There are several unknowns,
and a complete tail has never been found.
So, on the older drawings that we have,
there's maybe 53 tail vertebra.
The newer thinking is, there's close to 43.
Palaeontology, mostly it's a soft science,
so theories change with new evidence
that is found.
One of the big questions about T rex
is what it's surprisingly short arms were used for.
They might have been used to hold on to prey,
or to push the body up from a sitting position
- no-one knows.
And that's partly because each arm
is anchored to the body
by the shoulder blade or scapula,
and there's no easy way of telling
exactly where that sat.
With the scapula I've seen
they've gone up closer to the vertebra
on the backbone.
I've also seen where they're lowered almost to
where the belly is.
There's parts of the front end of the scapula,
the coracoids.
Some people think they go together this much,
some think this much.
But that all has to do with how everything hangs on
the front end of this,
and also how the hands were used.
Those arms are just about the same size as
a human arm.
The difficulty in placing the scapula on Thomas
is compounded by the fact that the bones
were distorted
over the millions of years that they spent
buried underground.
They're flattened
and they don't really have the curvature
that they may have had
when the animal was alive, before.
It's really difficult to fit them on the sides
of the ribcage.
I guess that that's the nature of the beast.
We're going to have to find a compromise
and we'll live with it.
Back in LA, there are two months to go before
the exhibition opens.
The three T rexs are now installed.
Oh, this is a bit different.
There are dinosaurs here.
- Now, these guys I recognise.
- Yes.
So, this is your famous Thomas.
- Can we get up here?
- Sure.
- Yeah?
- You can... Absolutely.
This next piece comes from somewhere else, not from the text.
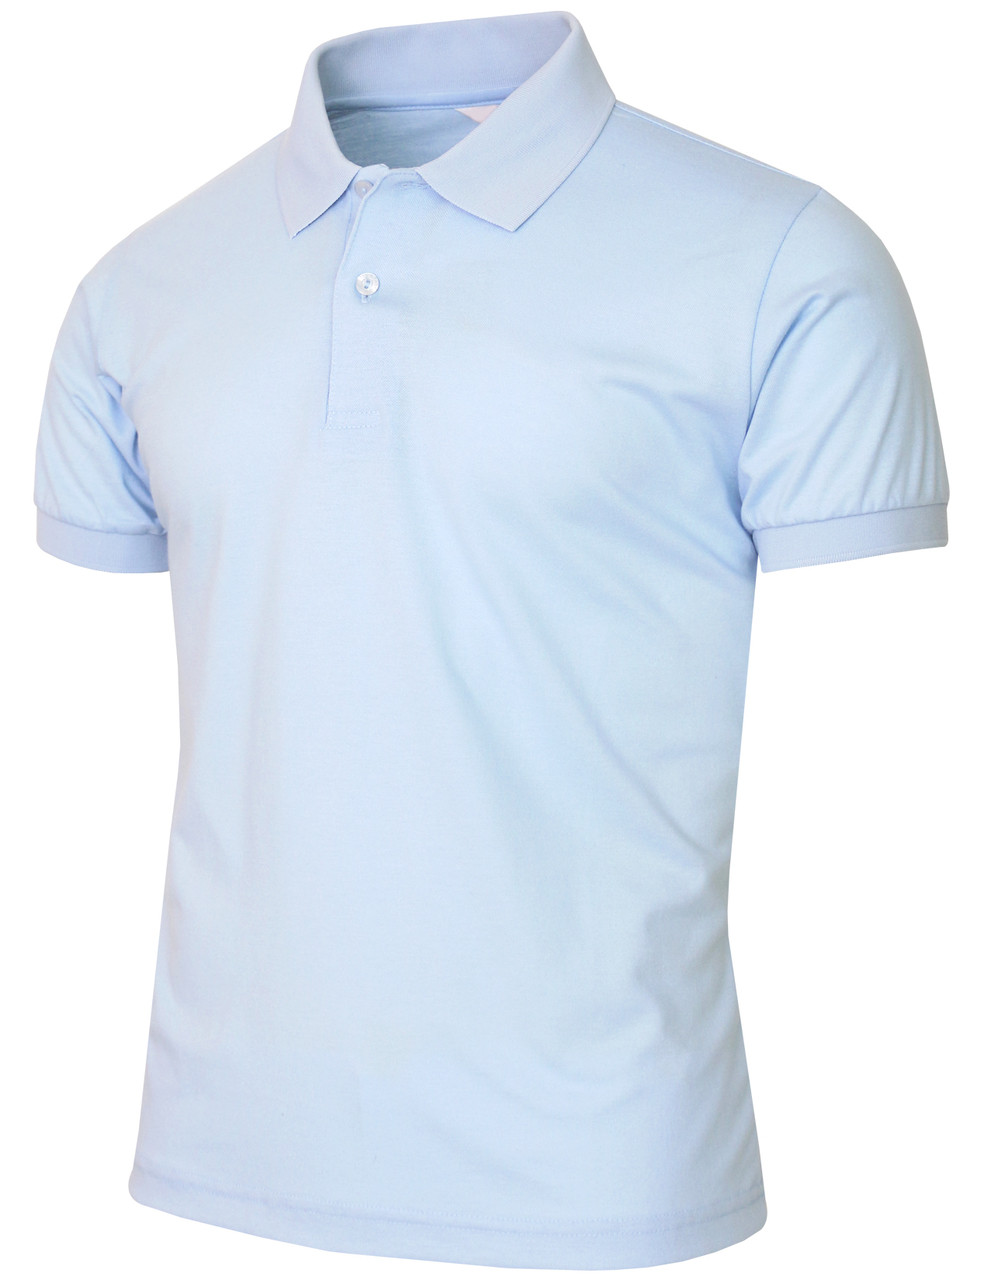 Unisex Pique solid Polo Shirt

Feel free.
Face to face with a baby T rex.
'With three T rexs of different ages
on one platform,
'it's possible for the first time ever to get
an understanding
'of the entire life cycle of this legend of
the dinosaur kingdom.'
- Having a series of juvenile skeletons gives
you insights into the way dinosaurs grew?
- Absolutely.
The dinosaurs had growth spurts, so this animal
- is estimated to have died at the age of two.
- Right.
And this one here is estimated to have died
at the age of 13.
There's, you know, there's a size discrepancy here,
but they're also 11 years apart.
- Mm.
- Yet this animal is only four years...
- Yeah.
- ..older than this one, yet is enormously
bigger than this one.
What this is telling you is that between 13 and 17
they were able to add about 1,500 pounds -
that's, what, 750 kilograms a year.
Wow. And when you see the two skeletons close
to each other like that,
you really get a kind of physical impression of that.
'Although Thomas towers over the younger T rexs,
'even he wasn't fully grown.
'he was already 11 metres long and over
three tonnes in weight.'
- So, this is a juvenile? This enormous skeleton?
- Indeed, indeed.
- This is an animal that probably died at the age of 17.
- Right, OK.
- So, rather young.
- So, still a teenager?
- And you can tell that it's a juvenile,
not only based on the histology on the bone tissue,
for which we have studies of it,
but also because there are many bones that would fuse
when the animal was a full-grown...
- Yeah.
- ..that have not yet been fused.
One of them is here, the calcaneum and
the astragalus are completely unfused,
and both with the tibia.
'And it's not just the phenomenal speed
at which they grew
'that Luis is shedding light on.
'The final addition to this platform
'will be the carcass of another dinosaur
- the T rex's dinner.
'It will give us an insight
'into how the three T rexs may have interacted.'
So, how realistic do you think it is
to show three tyrannosaurs coming together like this?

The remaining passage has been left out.